Agriculture Secretary Sonny Perdue sees nothing but good in collaboration between federal and state agencies at Stoneville, Miss.

Agriculture Secretary Sonny Perdue says the administration’s budget “may have missed the mark” when it comes to agricultural research funding, and he pledged to work to “right-size” that part of the budget for agriculture.

Secretary Perdue’s comments came during a hearing held by the Agricultural Appropriations Subcommittee of the Senate Appropriations Committee, which is chaired by Mississippi Sen. Thad Cochran.

Perdue and Cochran sat next to each other on the stage at the Delta Council’s annual meeting where the secretary gave the keynote address a few days before on Friday, June 9. One of Perdue’s themes was rebuilding the rural economy, including helping state and federal research agencies improve their collaboration.

“Many people are looking at this year’s budget with hope and despair,” said Cochran, speaking at the Appropriations Subcommittee hearing. “We’re going to go through a thoughtful process to determine appropriate funding levels for agriculture research and programs that support American producers.

“Secretary Perdue has indicated his readiness to work with us through this important process. I look forward to working with him to make appropriations available in a responsible way.”
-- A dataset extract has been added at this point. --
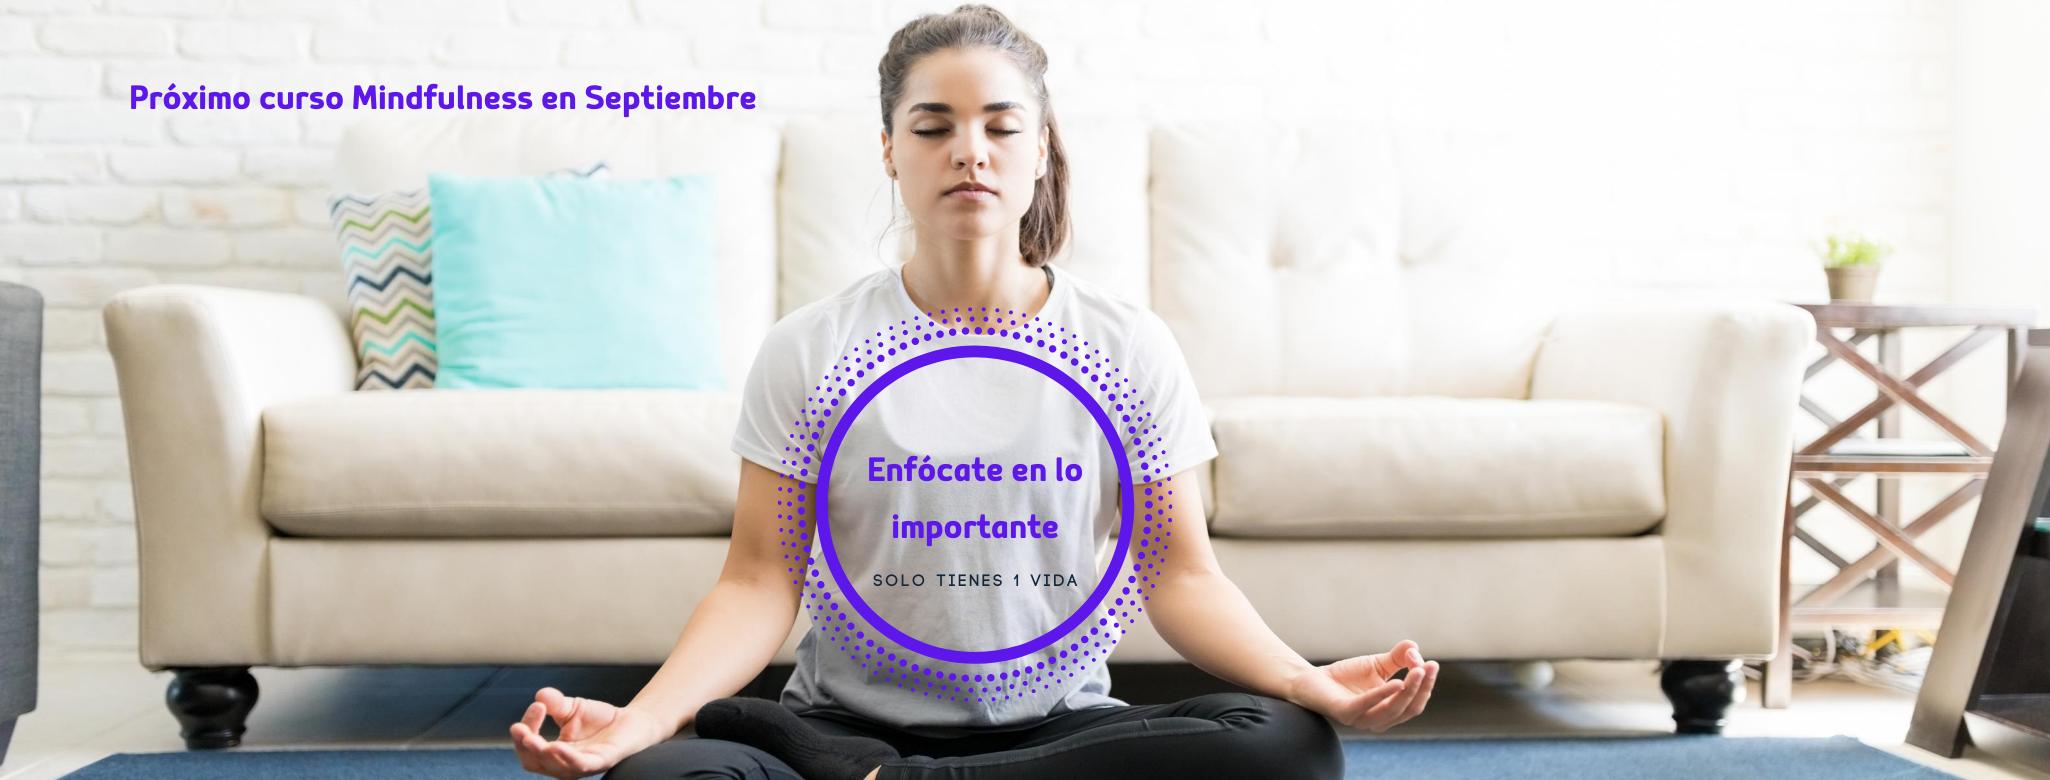 Curso Mindfulness para reducción de estrés -Septiembre 2020
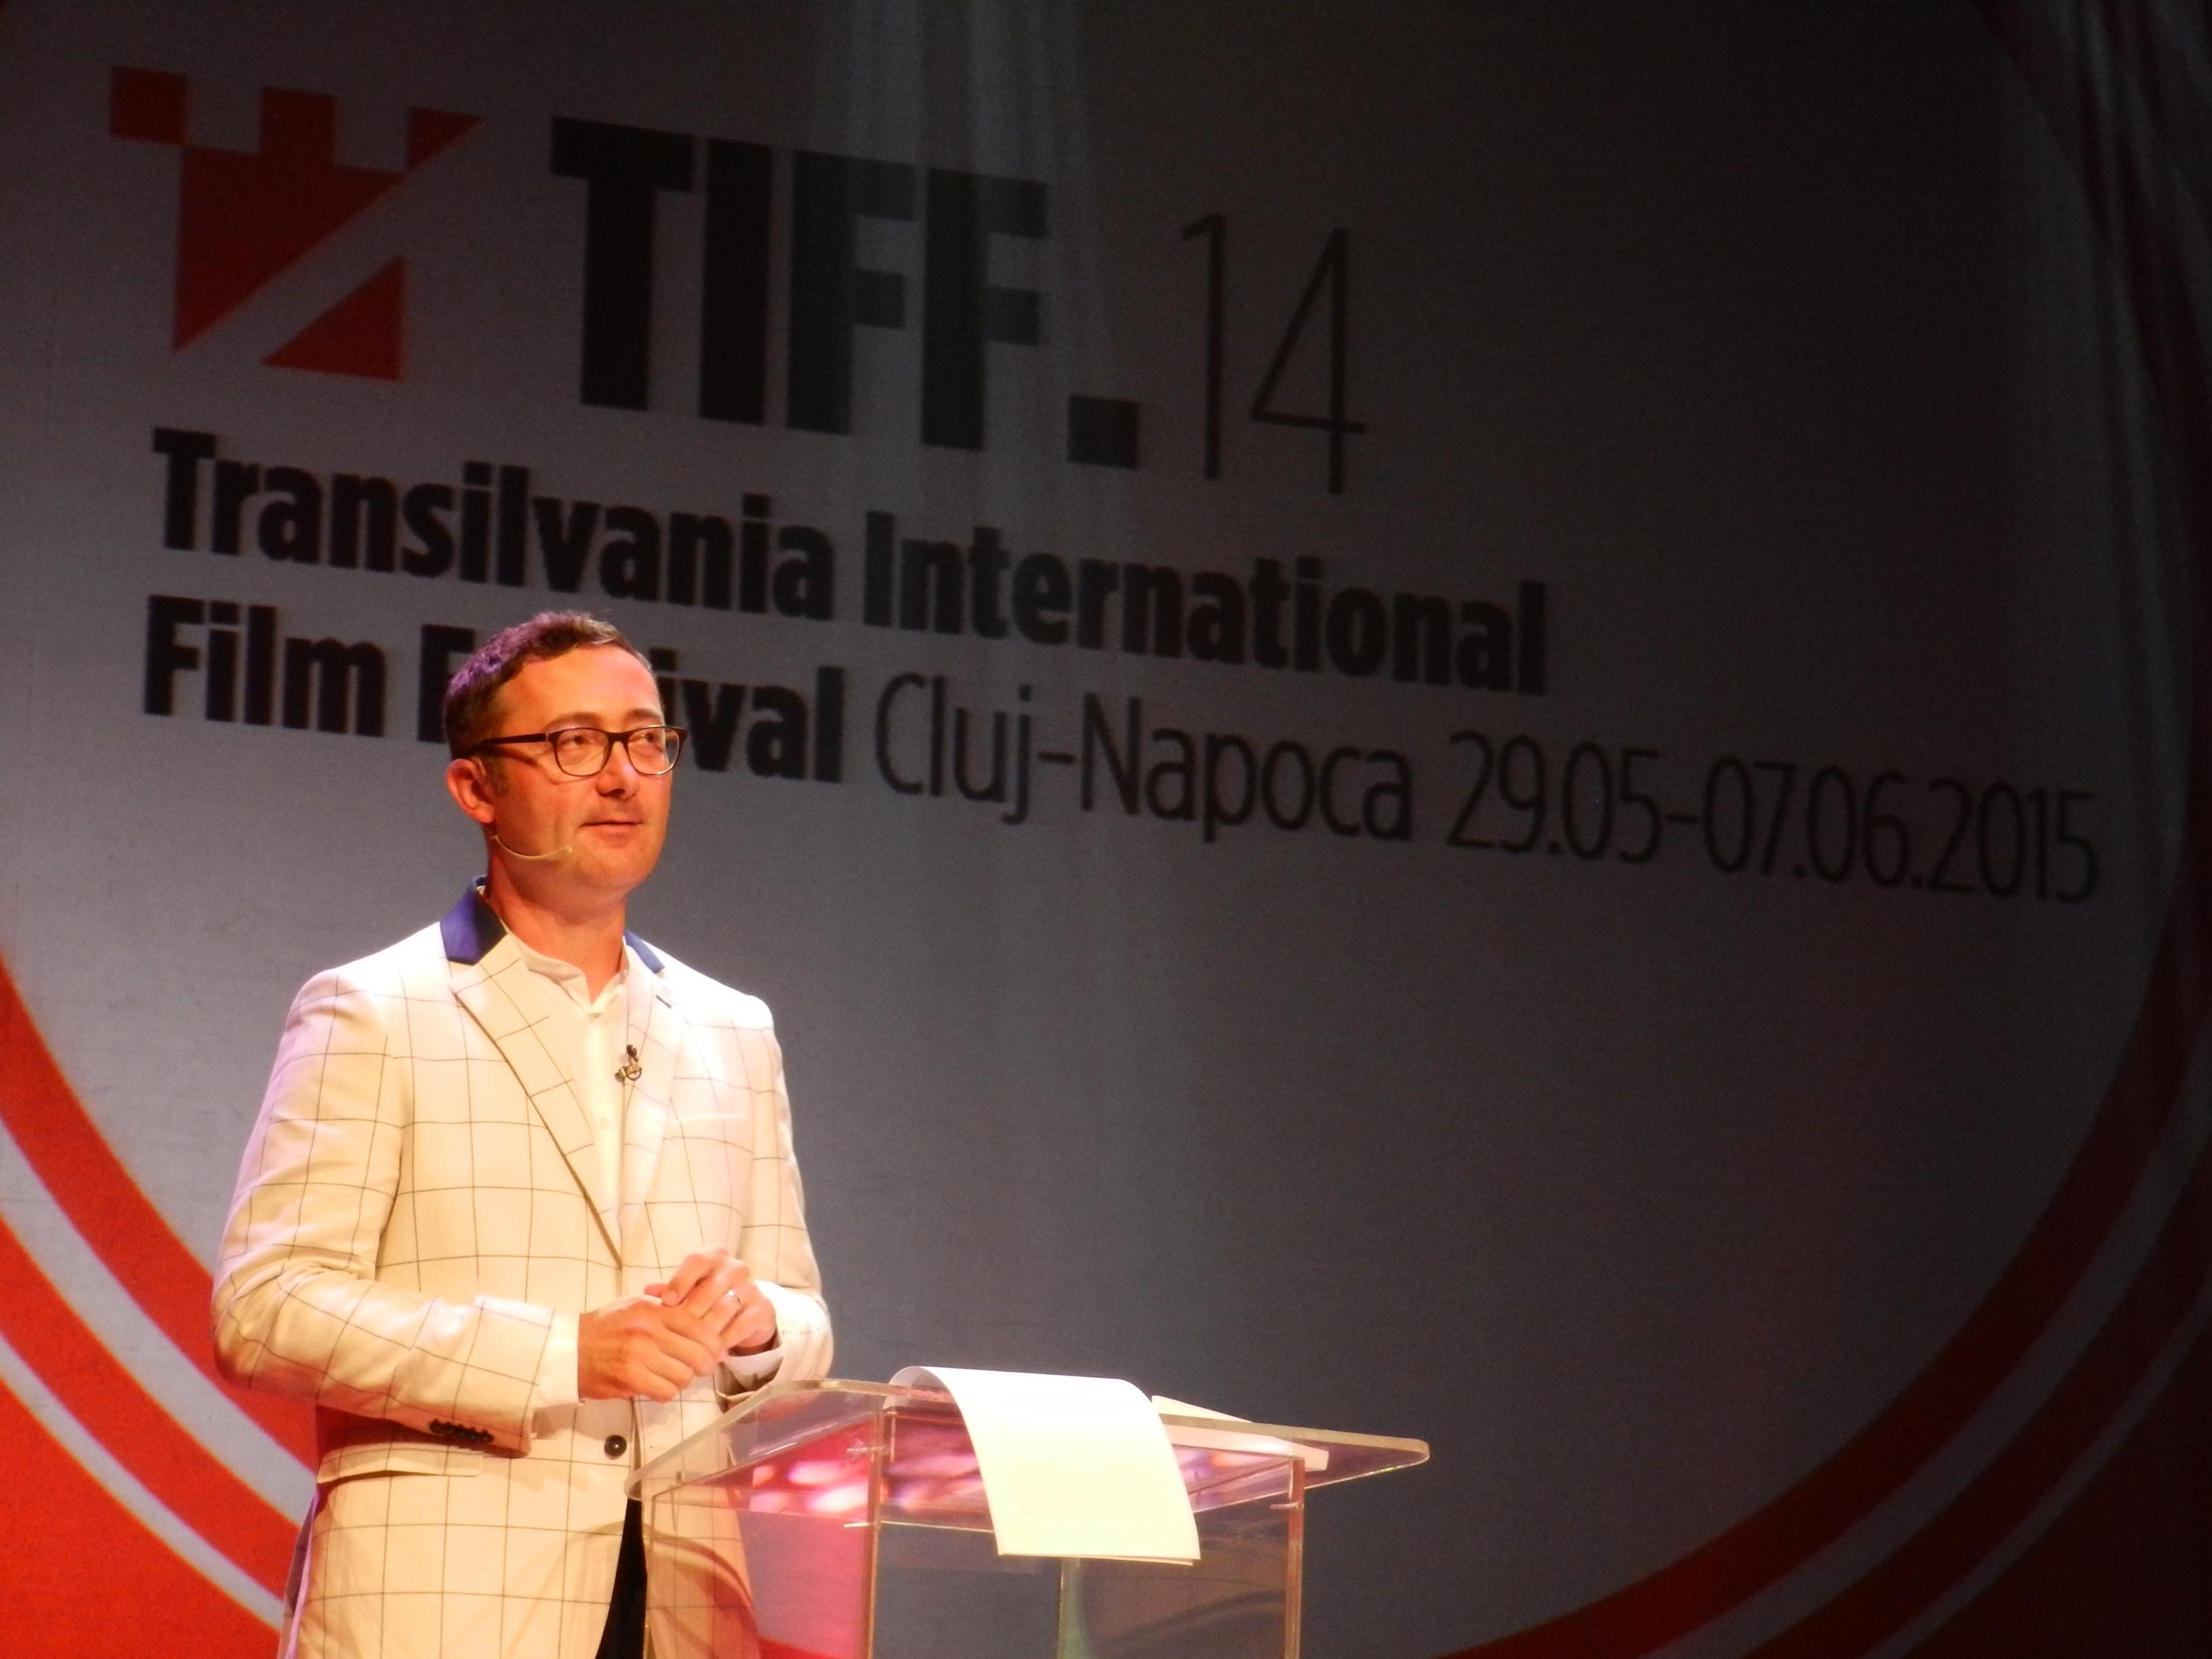 tudor giurgiu, TIFF 2015

Cochran singled out the proposed funding levels for the Agriculture Research Service, which has a regional office headquartered in Stoneville. The administration’s budget request would reduce funding for ARS as a part of a 21 percent funding reduction for the USDA overall.

Responding to Cochran, Perdue praised agriculture research conducted in Mississippi and pledged to “work to right-size the budget.

“You and I were just at the Delta Council at the Stoneville research facility, which in my opinion is one of the best examples of the collaboration between our land grant universities in this case Mississippi State University, and our ARS of the USDA,” Perdue said. “It was a seamless operation, and I don’t think those people even knew whether they had a Mississippi State shirt on, extension agent or ARS, the way they were working together collaboratively.

“I think research is one of those areas where we may have missed the mark,” the Secretary noted. “I believe we can work to right-size the budget because research is really the basis for our agricultural productivity today.”

Cochran also submitted questions to Perdue regarding the budget request to eliminate several programs, including: the Water and Wastewater Grant program, which supports rural community water systems; and the Rural Business Cooperative Service, a loan and grant program to promote business and employment in rural areas.